News has emerged that the Italian government is considering holding a great national sale of its islands, palaces and beaches in an attempt to reduce its spiralling national debt.
With an estimated combined value of more than 3 billion GBP, the sale of approximately 9,000 assets will barely contribute towards alleviating the country's growing deficit - which stands at 1.18 trillion GBP.
The idea has been mooted by Italy's Northern League party, who form part of the ruling coalition government.
A spokesman for the Agenzia del Demanio, the agency responsible for looking after 'national treasures', told the Daily Mail: "The complete list is still being drawn up but a provisional one has been made available to regional and local councils. The full list will be posted online at the end of July.
"Ultimately it will be up to the regional authority what they decide to do but selling off the asset would obviously go some way to reducing national and local debts."
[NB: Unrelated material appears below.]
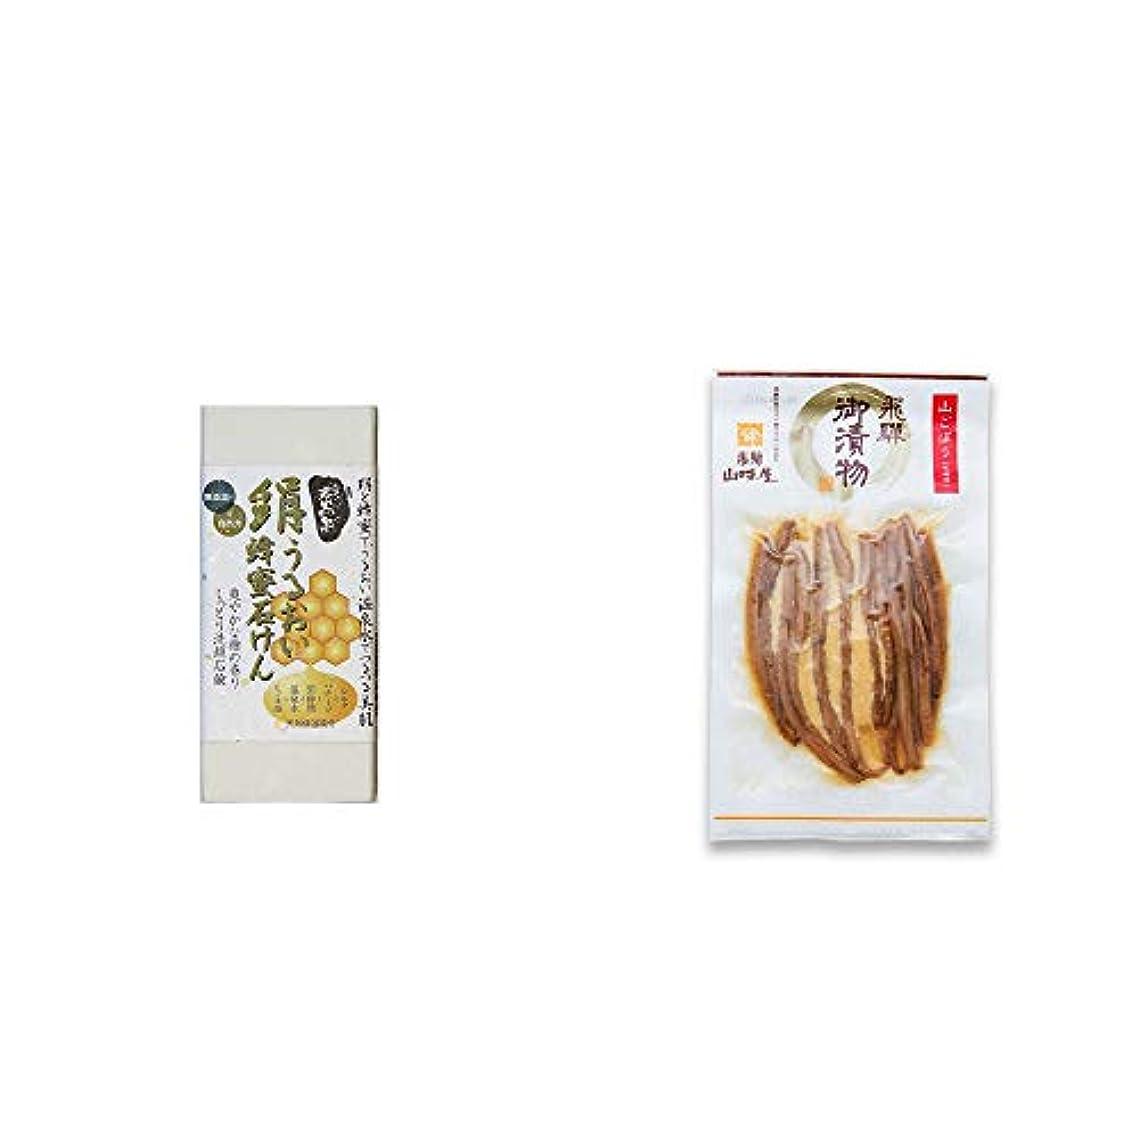 野心的フルーツ野菜ガロン[2点セット] ひのき炭黒泉 絹うるおい蜂蜜石けん(75g×2)?飛騨山味屋 山ごぼう味噌漬(80g)

Meanwhile, the latest figures relating to the Italian property market suggest that there is still some way to go before it enters full recovery.
Prices remain at a level well below that seen pre-crisis and values are not expected to rise again until the end of next year.
Indeed, according to the research carried out by research institute Nomisma, the number of residential properties sold in the first half of 2010 was 30 per cent lower than before the financial crisis began in 2008.
And in the first six months of the year prices fell 1.8 per cent compared to the previous period.
"Abroad, the market recovery has been felt for some months now, with investments resuming and prices picking up. The Italian market still appears to be far from a firm recovery in terms of both prices and sales," the Nomisma report says.
Italian business and consumer confidence fell in June as households grew more pessimistic amid the highest jobless rate in almost six years. Nomisma said the decline in confidence had ended a temporary pickup in late 2009, curbing the real estate market's rebound.
The decision to sell comes days after cash strapped Greece considered selling off state-owned assets to reduce debt.
Last month, the French government announced plans to sell off 1,700 state properties in a bid to cut the country's heavy debts.
The sale is to include castles and mansions which are regarded as "useless and unadapted".
What This Means for Property Investors
Wealthy property investors and developers are sure to be following the progress of the plans, with the sale potentially offering them some fantastic opportunities to get hold of prime real estate and land at a reduced cost
Indeed, if recent global market predictions are to be believed, there is the potential for investors to realise some capital appreciation on any property which they purchase.
The latest results from the Worldwide Property Group real estate confidence tracker found that the majority of individuals questioned believe property to be the best form of investment currently available
, with 75 per cent choosing it as their primary vehicle for building wealth.
Meanwhile, it has also been suggested that the decision to sell core assets could go some way to inspiring further confidence among investors.
Following the EU bailout measures, many individuals have been wary about looking at property in European destinations, with fears that any default on payments would spark another crisis.
However, commenting on the decision of the Greek government to consider selling its assets, Gary Jenkins, a credit analyst at Evolution Securities, told the Guardian: "It's a shame if it has come to this but it does at least demonstrate that Greece is prepared to take all actions necessary to try and meet its obligations."
One island which is expected to be sold by the county's government is Mykonos.
It is likely to go to a real estate investor who can not only afford the price of the sale itself but who is also willing and able to invest cash into developing a new luxury tourist complex on the island.